2 min read

Is the Police Baton Useful in Self-Defense? How to make Risk Assessment with Statistics

Is it the % of the risk that counts?
Is the Police Baton Useful in Self-Defense? How to make Risk Assessment with Statistics
Photo by Nathan Dumlao / Unsplash

I was watching a self-defense channel these days, and I ended up seeing this video:

And I thought "what a great opportunity to explain how statistically based decision-making works"!

In this case "statistics" is being misused.

The dude in the video is talking about how if 99% of the time a baton isn't useful, it shouldn't be used. This is not a good use of statistics. We must take into account the outcomes of the decision, not just the probability of the outcomes occurring.

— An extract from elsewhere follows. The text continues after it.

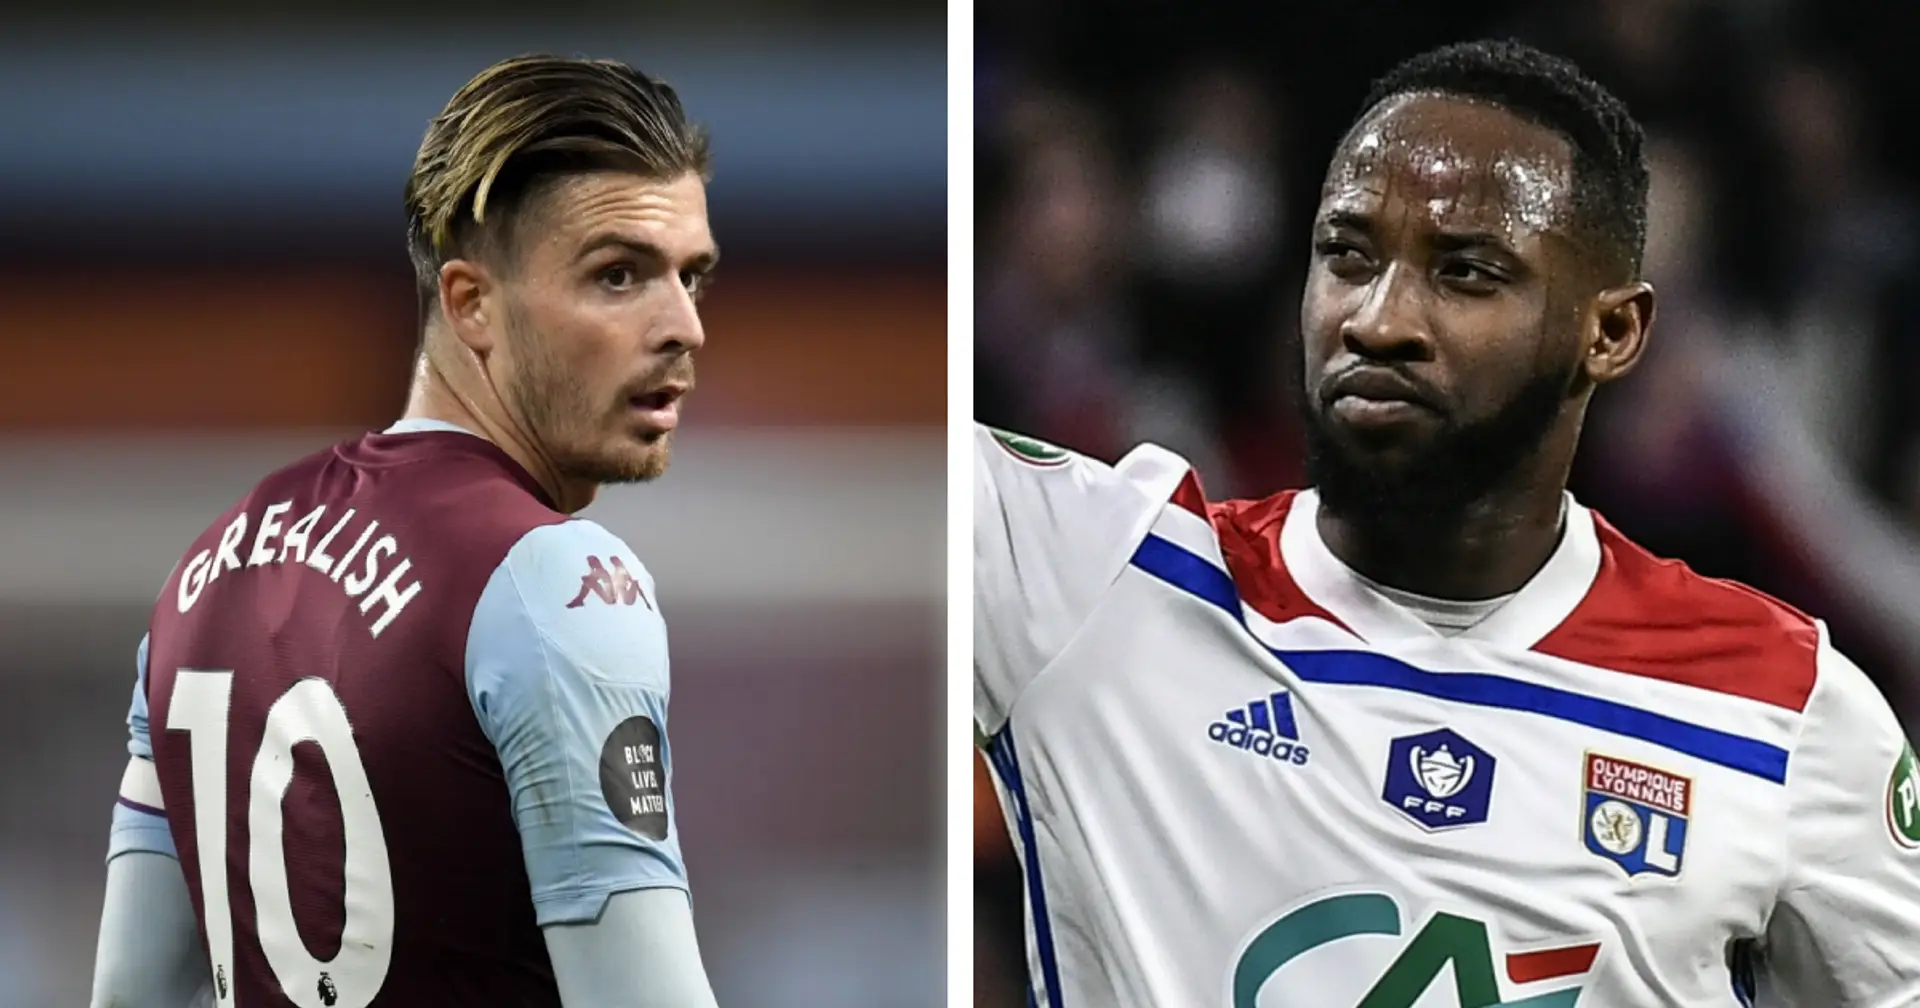 Jack Grealish, Moussa Dembele or someone else? Bookies name Man United's most likely signing

Carrying a baton vs not carrying one means having an advantage in a real fight vs not having it.

Worst case scenario, if you don't have an advantage, you lose, and you DIE.

Worst case scenario, if you do have an advantage, you win, and you get arrested.

Notice how I didn't talk about the first worst-case scenario twice, if you do have an advantage and you die, you were no better than the first case, an advantage bought you nothing.

Now, even if you have only a 1% chance of increasing your odds, that is what you should do. It makes you less Fragile, or less Concave in your exposure to risk.

By this dude's same logic, nuclear reactors only blow up 1% of the time, so why even try to increase security measures? The answer is, it's not the percentage of the possibility of failure that counts, but the actual impact if it does happen.